Cependant, il ne faut pas attribuer aux tactismes un rôle plus que secondaire, et on doit au contraire faire la plus large part aux causes intrinsèques, en ce qui concerne ces déplacements des poissons. En effet, le signal du départ ou du déplacement des poissons migrateurs n’est pas donné par le milieu extérieur, il est plutôt d’origine interne. C’est un déterminisme physiologique qui, se doublant d’une psychologie spéciale et nouvelle, déclenche les migrations des poissons. Et ce déterminisme peut tout simplement s’appeler une crise sexuelle qui, par le jeu des corrélations humorales ou du milieu intérieur, modifie d’abord la physiologie générale des individus et ensuite, leur psychologie. En résumé on peut tout simplement dire que l’instinct de migration est une conséquence immédiate de la sexualité au même titre que l’instinct combatif bien connu chez certains mammifères est une manifestation psychologique qui découle naturellement de la physiologie de la sexualité.

Certains peuvent se demander comment il se fait que les migrateurs se sentent rappelés vers leur lieu d’origine ; mais nous ferons remarquer qu’il n’est pas de règle que les progéniteurs retournent vers leur milieu d’origine, et puis l’atavisme ou un vestige d’adaptation préhistorique peuvent toujours êtres invoqués pour expliquer ce retour au jardin d’enfance, si retour il y a. Au reste ce détail douteux est moins important que le fait bien établi que les poissons vont frayer chaque année non pas forcément dans les mêmes endroits, mais dans des frayères où les mêmes conditions de milieu se répètent à peu près identiquement chaque année, et à la même saison.
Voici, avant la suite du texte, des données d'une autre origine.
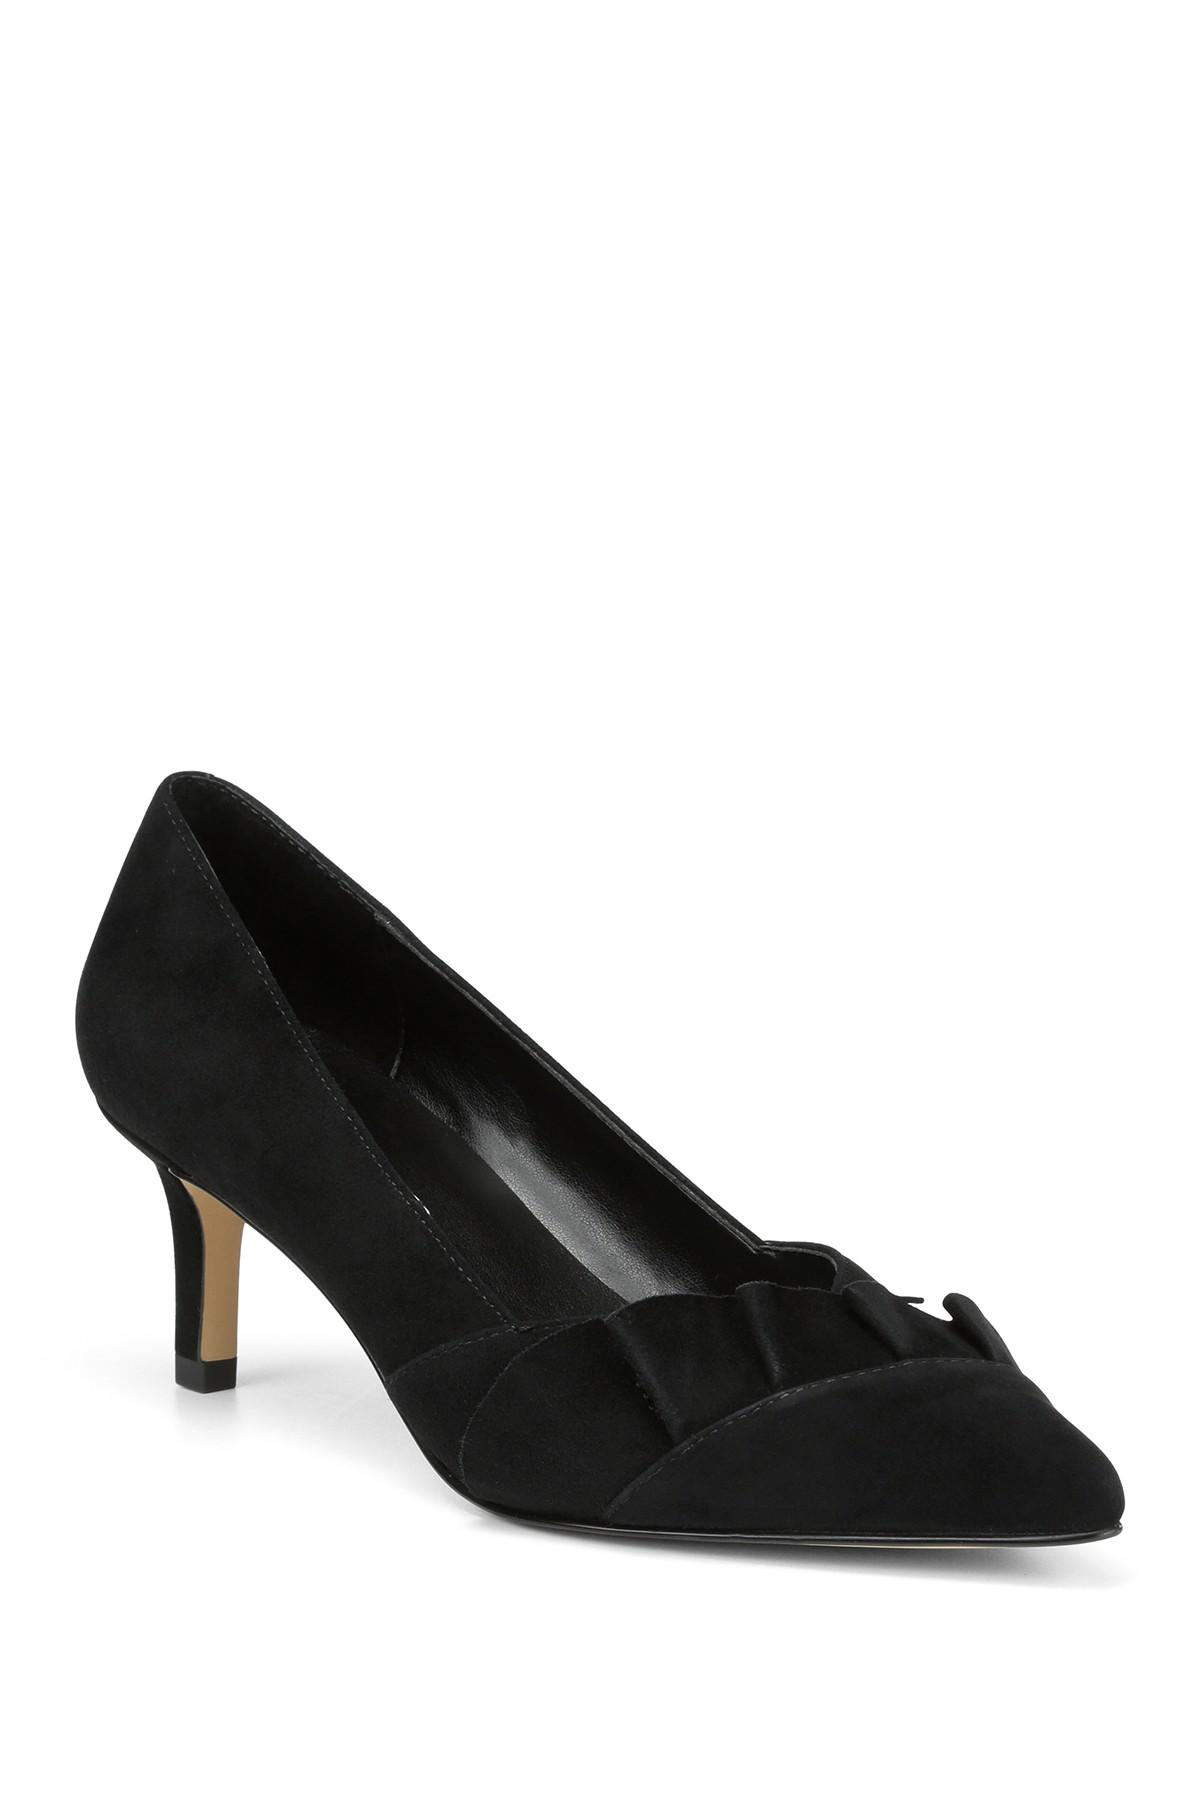 27c8936acd Lyst - Donald J Pliner Fayer Kitten Heel Pump in Black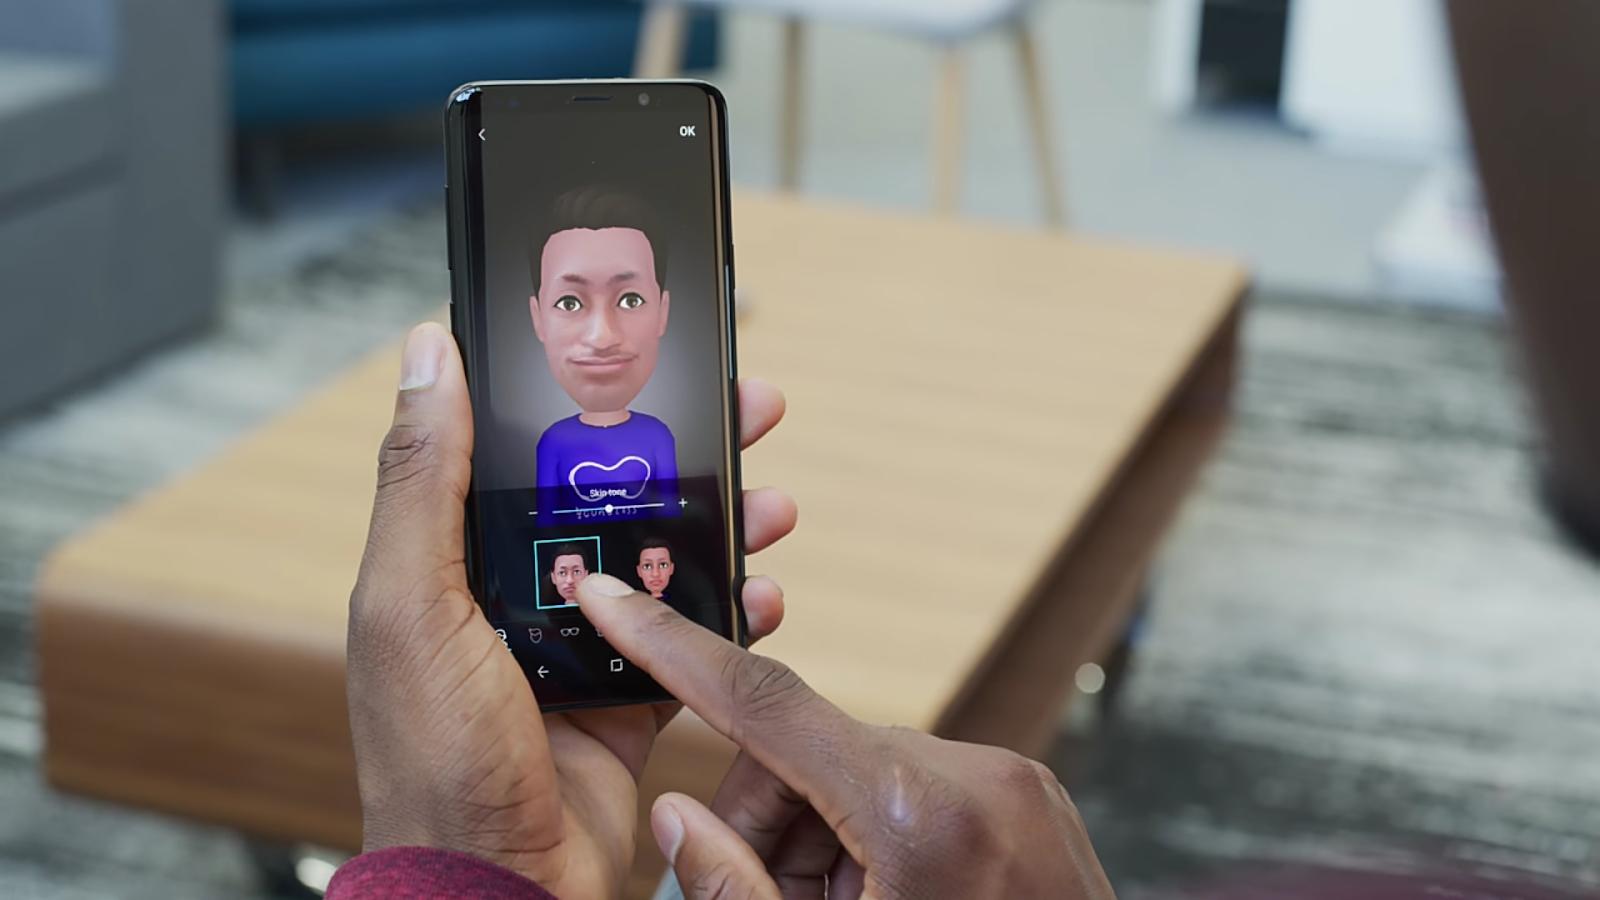 A second photo of the AR Emoji

Chacun sait l’histoire des crapauds qui, en sortant de leur torpeur hibernale, enfouis qu’ils étaient sous la terre pendant l’hiver, retournent instinctivement chaque printemps vers l’étang le plus rapproché pour y accomplir le devoir impérieux de la reproduction. De cet étang, les têtards métamorphosés en petits crapauds divergent ensuite pour répéter après trois ou quatre années de croissance, guides par un tactisme, l’hydrotactisme, le même pèlerinage génésique vers l’étang.

Les poissons migrateurs sont par instinct, comme le crapaud, appelés vers les frayères ; ils sont aussi comme les crapauds dirigés dans leur voyage nuptial par des tactismes. Cette influence des tactismes vient en quelque sorte doubler le mécanisme intrinsèque et physiologique qui déclenche les migrations. En effet, si l’instinct sexuel fait entrer en branle une psychologie nouvelle, celle du déplacement ou des migrations chez les poissons, les tactismes semblent guider ces derniers vers des endroits où, après la ponte, ]es œufs fécondés pourront se développer normalement et les larves qui en naîtront pourront trouver non seulement une abondante nourriture mais aussi des conditions générales favorables à leur survie.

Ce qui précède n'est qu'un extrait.